Тема стихотворения – размышление о скоротечности жизни и роли человека в мире.
Идея – человек лишь песчинка в мире, не способная изменить задуманный Создателем ход вещей. Все, что живет в нашей душе, успокаивает или тревожит её, является лишь иллюзией.
Несмотря на то, что переход к символизму Твердоступ Дмитрия начался ещё во время переписи «Иде(ал/от)изма», окончательным закреплением в этом течении можно считать стихотворение «Экзистенция», ранее известное, как «Я?..». Едва ли его можно охарактеризовать как эпиграмму, хотя оно и имеет обличительные черты, но, в сущности своей, оно представляет собой элегию — лирический жанр, содержащий в стихотворной форме эмоциональный результат философского раздумья над сложными проблемами жизни.

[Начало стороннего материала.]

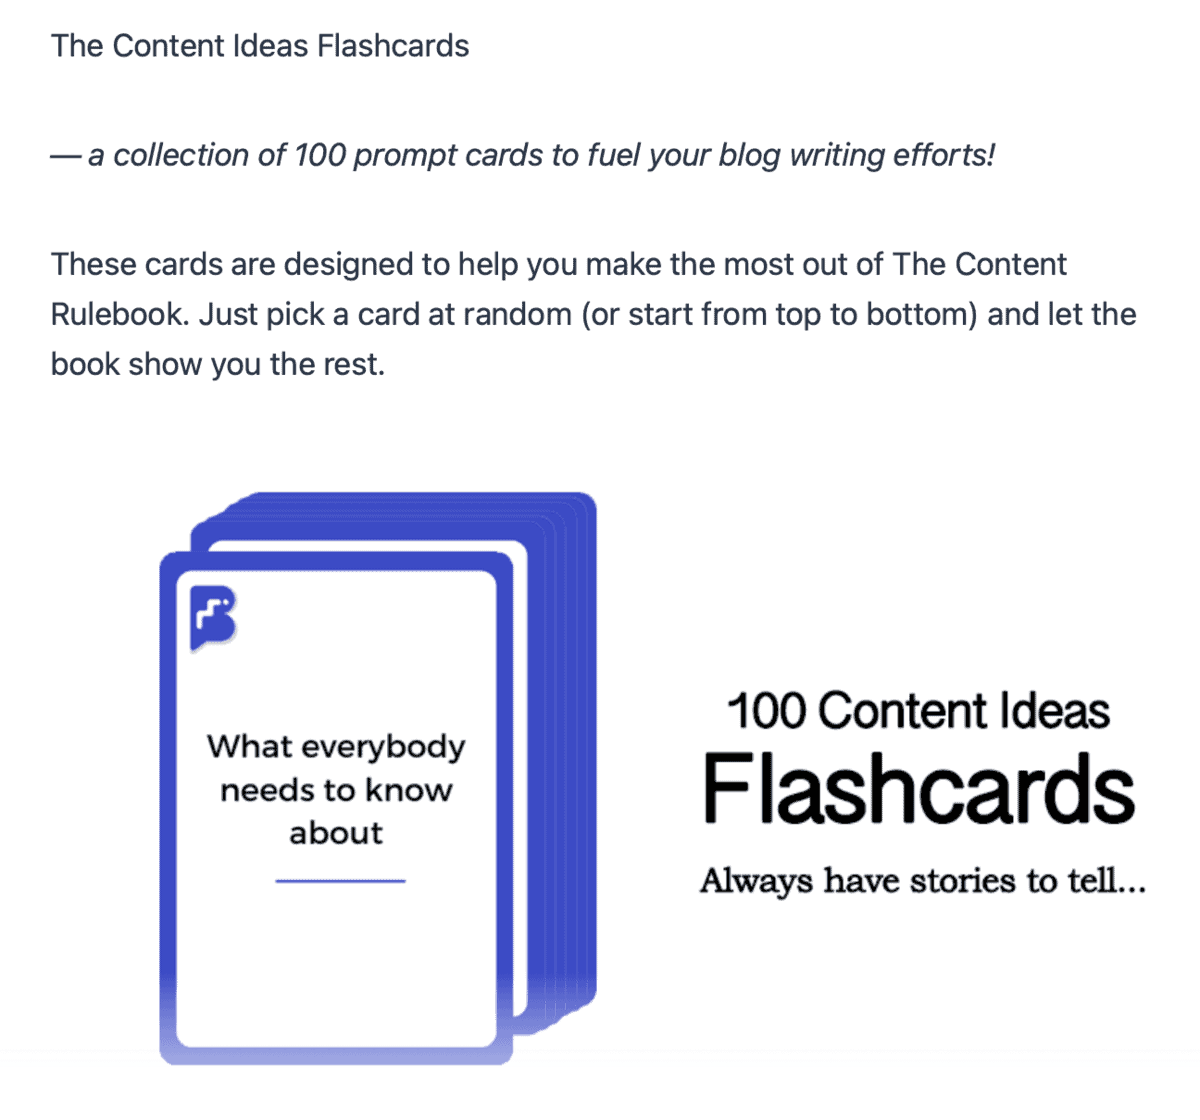 Content Ideas Flashcards

Поднимая вопрос о создании произведения, стоит отметить двоекратную смену названия от его отсутствия, как символа пустоты (не опустошенности) к «Я?..», как обозначения проблемы самоопределения автора, и дальнейшему переходу к «Экзистенции», что берет своё начало в осознании своего экзистенциального кризиса в прошлом, при изучении данного философского направления в дальнейшем. Тем не менее, нельзя назвать деталь названия стихотворения сугубо личной, так как во всех трёх случаях оно было напрямую связано с содержимым произведения.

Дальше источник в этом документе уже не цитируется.